Bug in feather: 'mem not mapped'
 
01_intro
20160525

TL;DR

Reading a large feather file in R produces this error:

Traceback:
 1: .Call("feather_coldataFeather", PACKAGE = "feather", feather,     indexes)
 2: coldataFeather(x, i)
 3: `[.feather`(x, )
 4: x[]
 5: as_data_frame.feather(data)
 6: as_data_frame(data)
 7: read_feather(filename)

The feather file was produced from a CSV file, using R. It has no problems being read into a Python session (using the feather-format package), but fails being read back into a new R session.

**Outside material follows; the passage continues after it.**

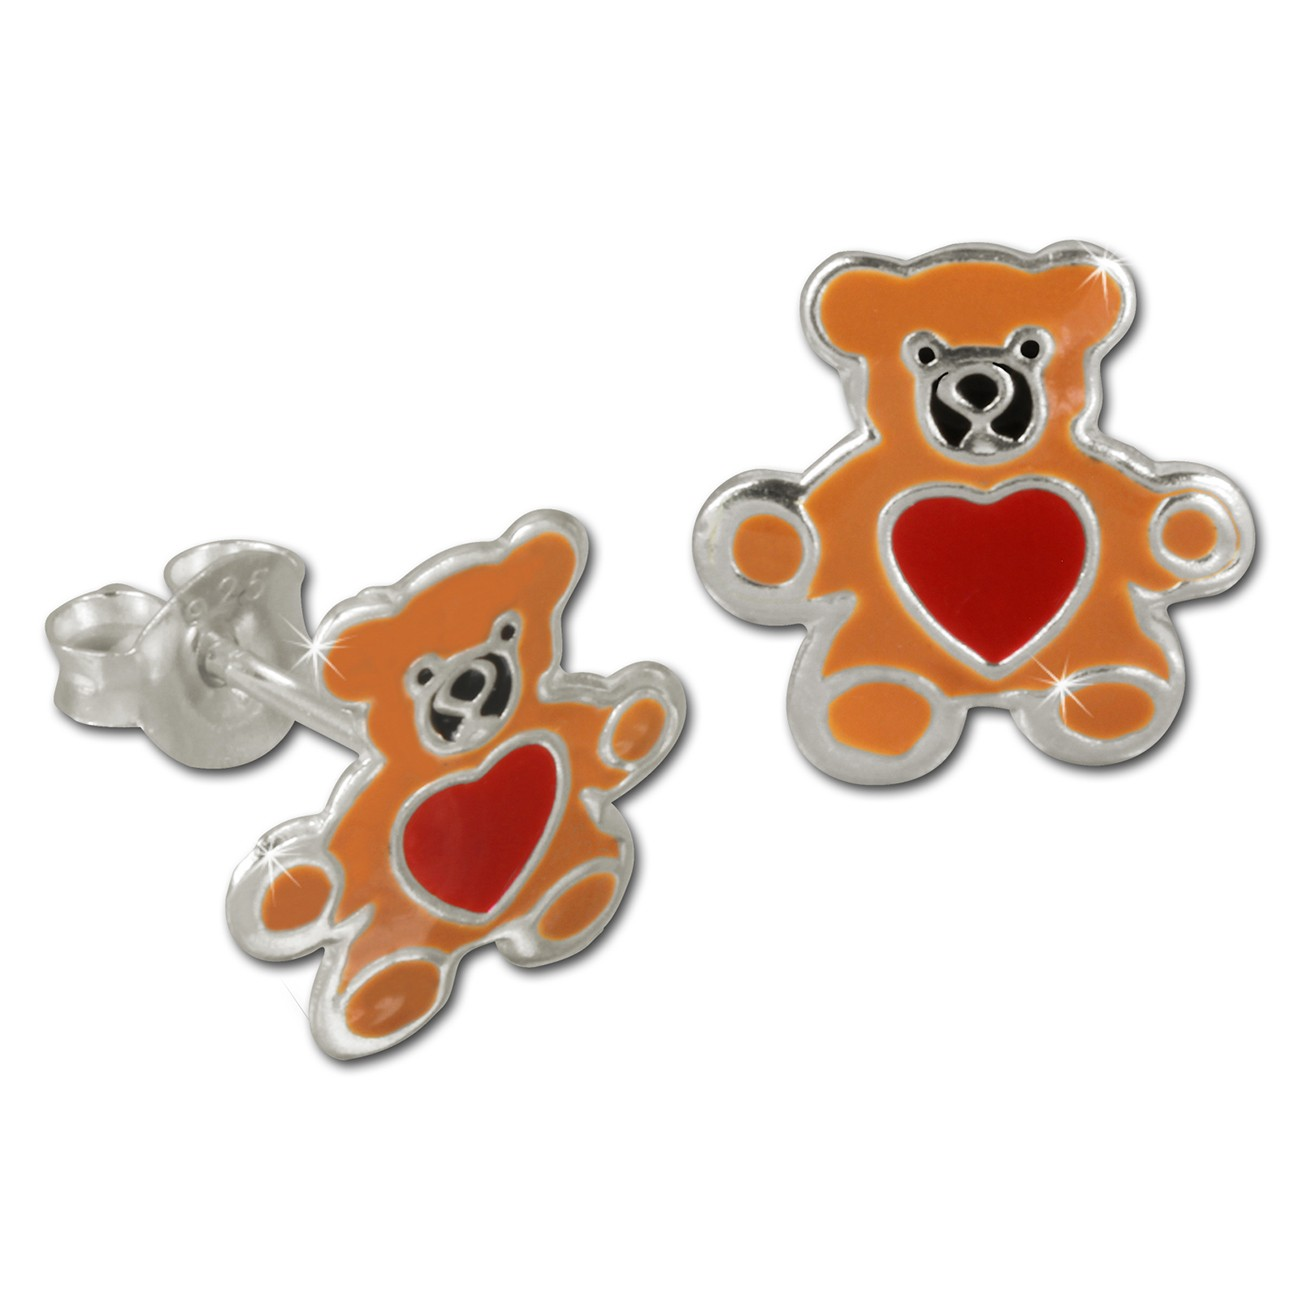 Kinder Ohrring Teddy braun Silber Ohrstecker Kinderschmuck TW SDO8104N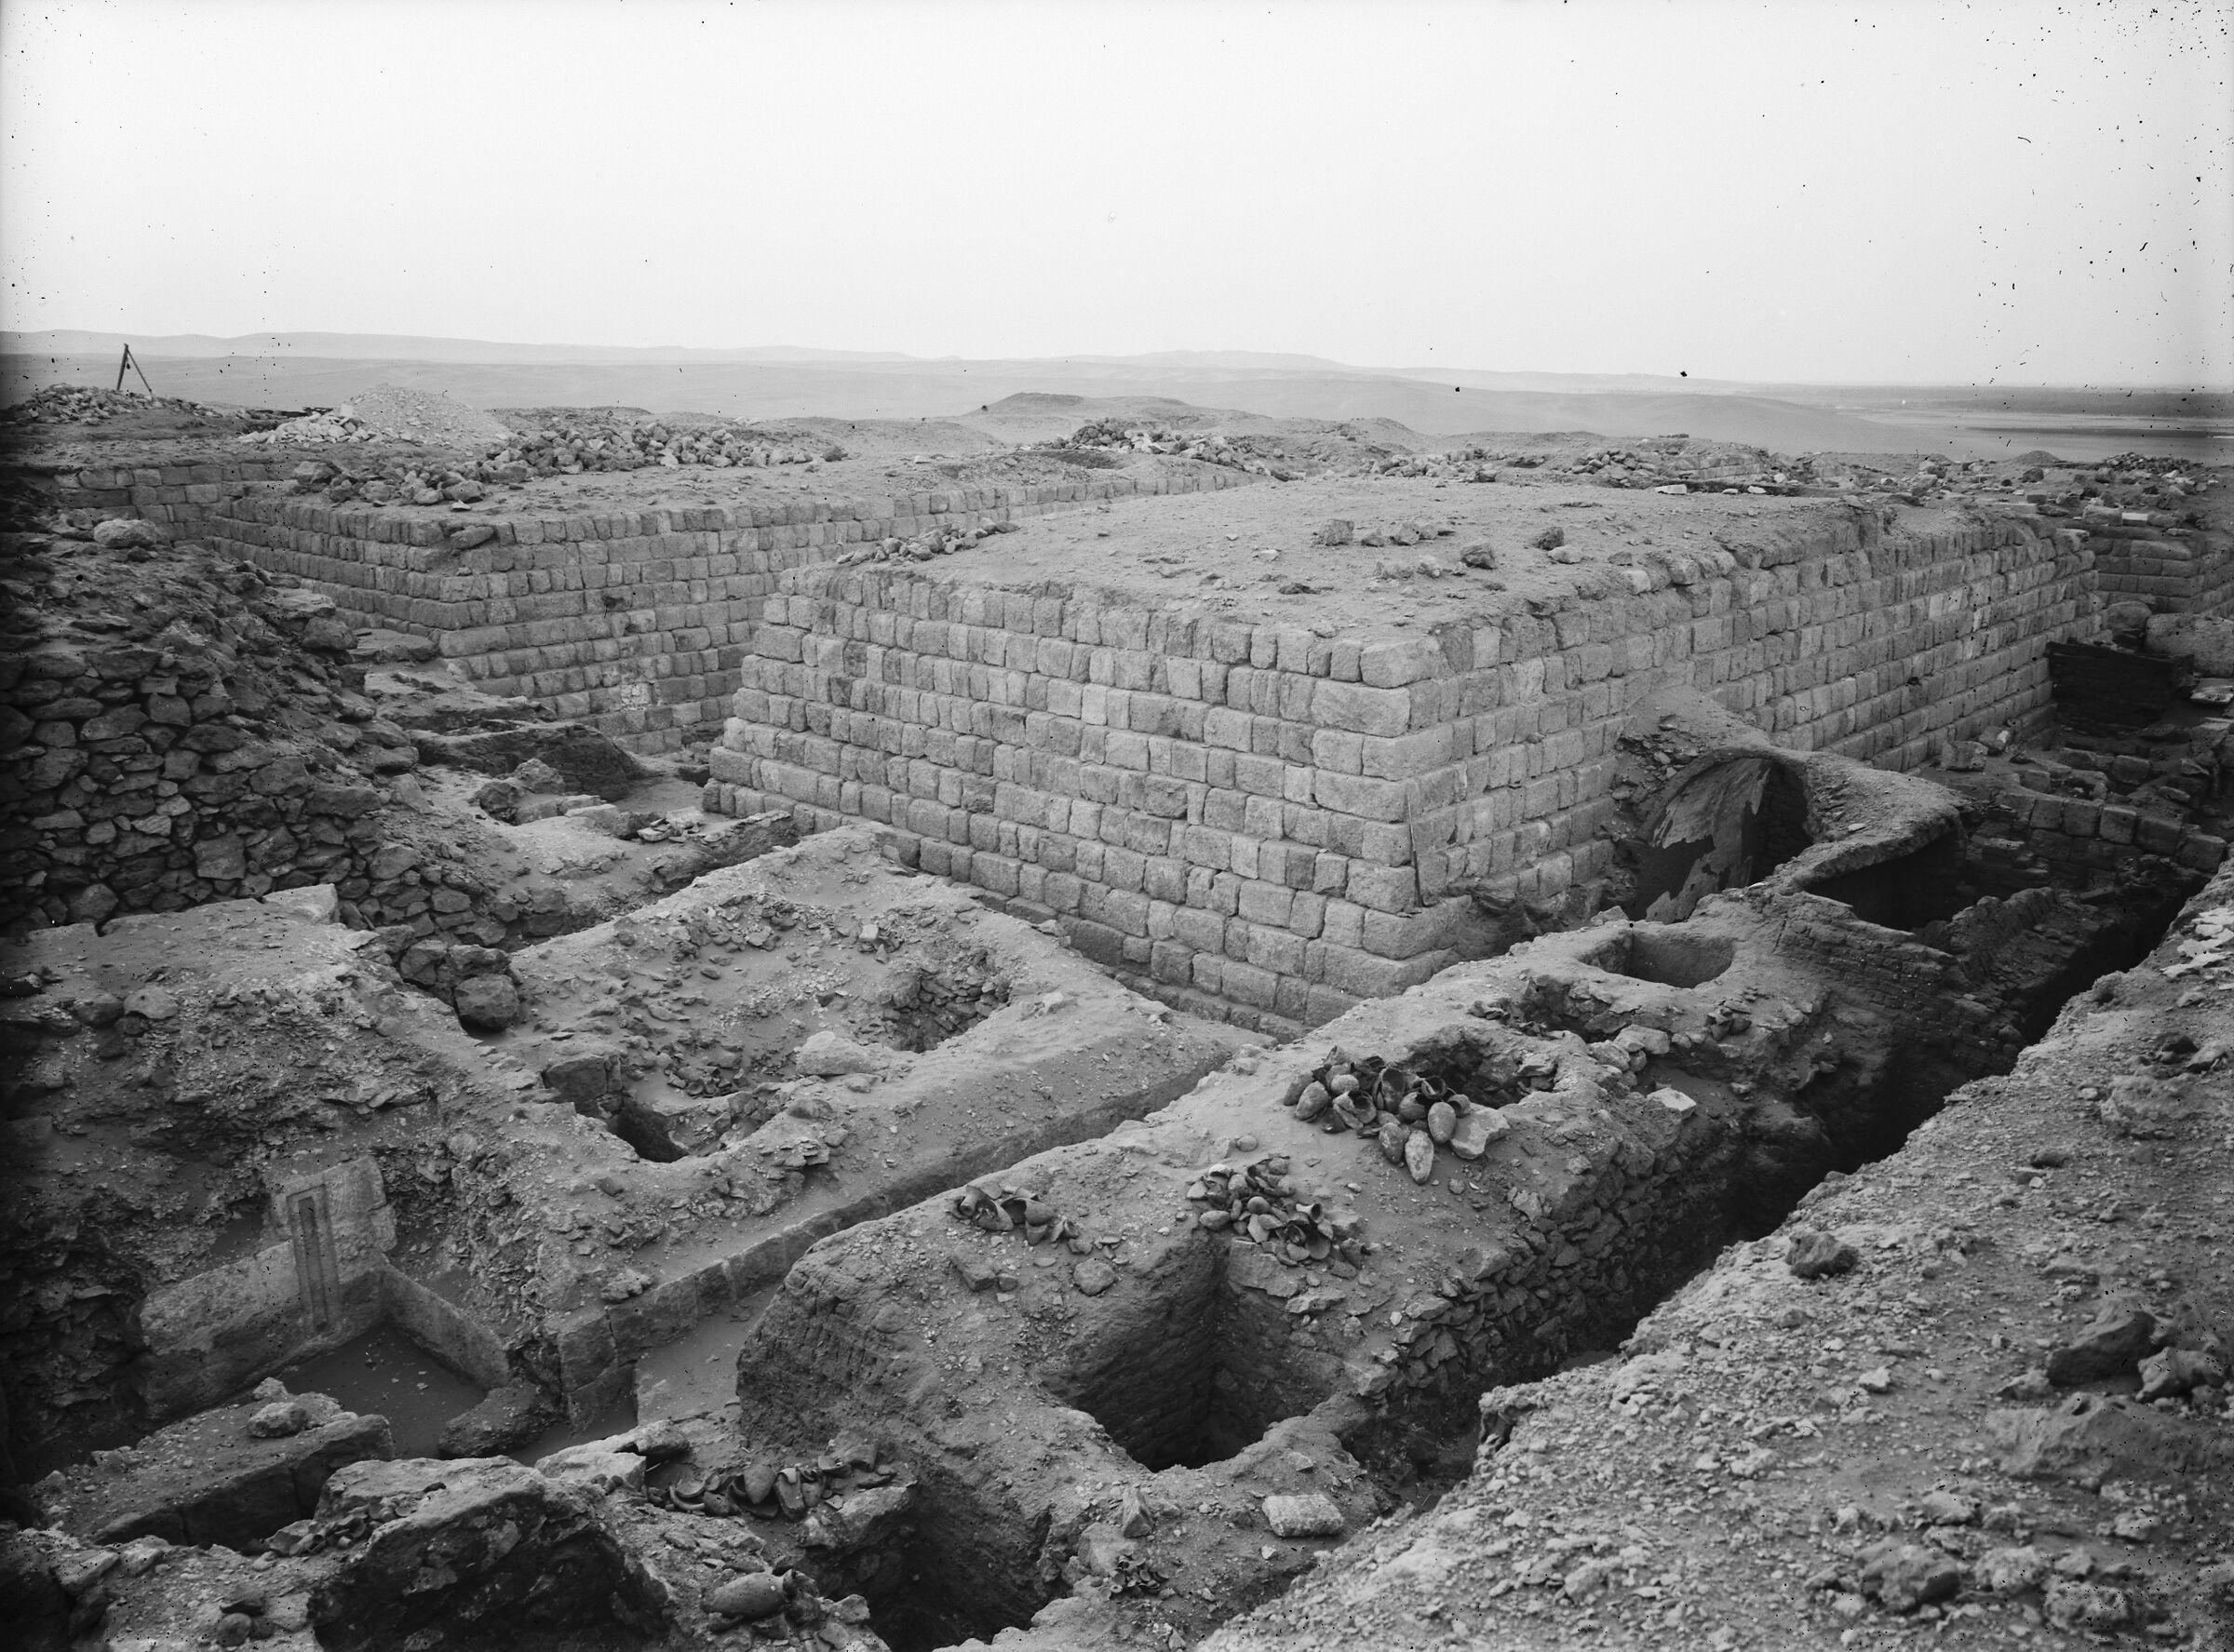 Western Cemetery: Site: Giza; View: G 1366, G 1364, G 1365, G 1360, G 1203, G 1205

Reading a smaller version of the same file produces no problem.

Environment

Server

Debian linux 8.4

R version:

platform       x86_64-pc-linux-gnu         
arch           x86_64                      
os             linux-gnu                   
system         x86_64, linux-gnu           
status                                     
major          3                           
minor          3.0                         
year           2016                        
month          05                          
day            03                          
svn rev        70573                       
language       R                           
version.string R version 3.3.0 (2016-05-03)
nickname       Supposedly Educational 

Python version:

import sys
sys.version

'2.7.9 (default, Mar  1 2015, 12:57:24) \n[GCC 4.9.2]'
02_reproduce
20160525

Reproduce the error

Download the yellow cab trip sheet data for January 2015 from www.nyc.gov/html/tlc/html/about/trip_record_data.shtml, which is about 1.9G in size.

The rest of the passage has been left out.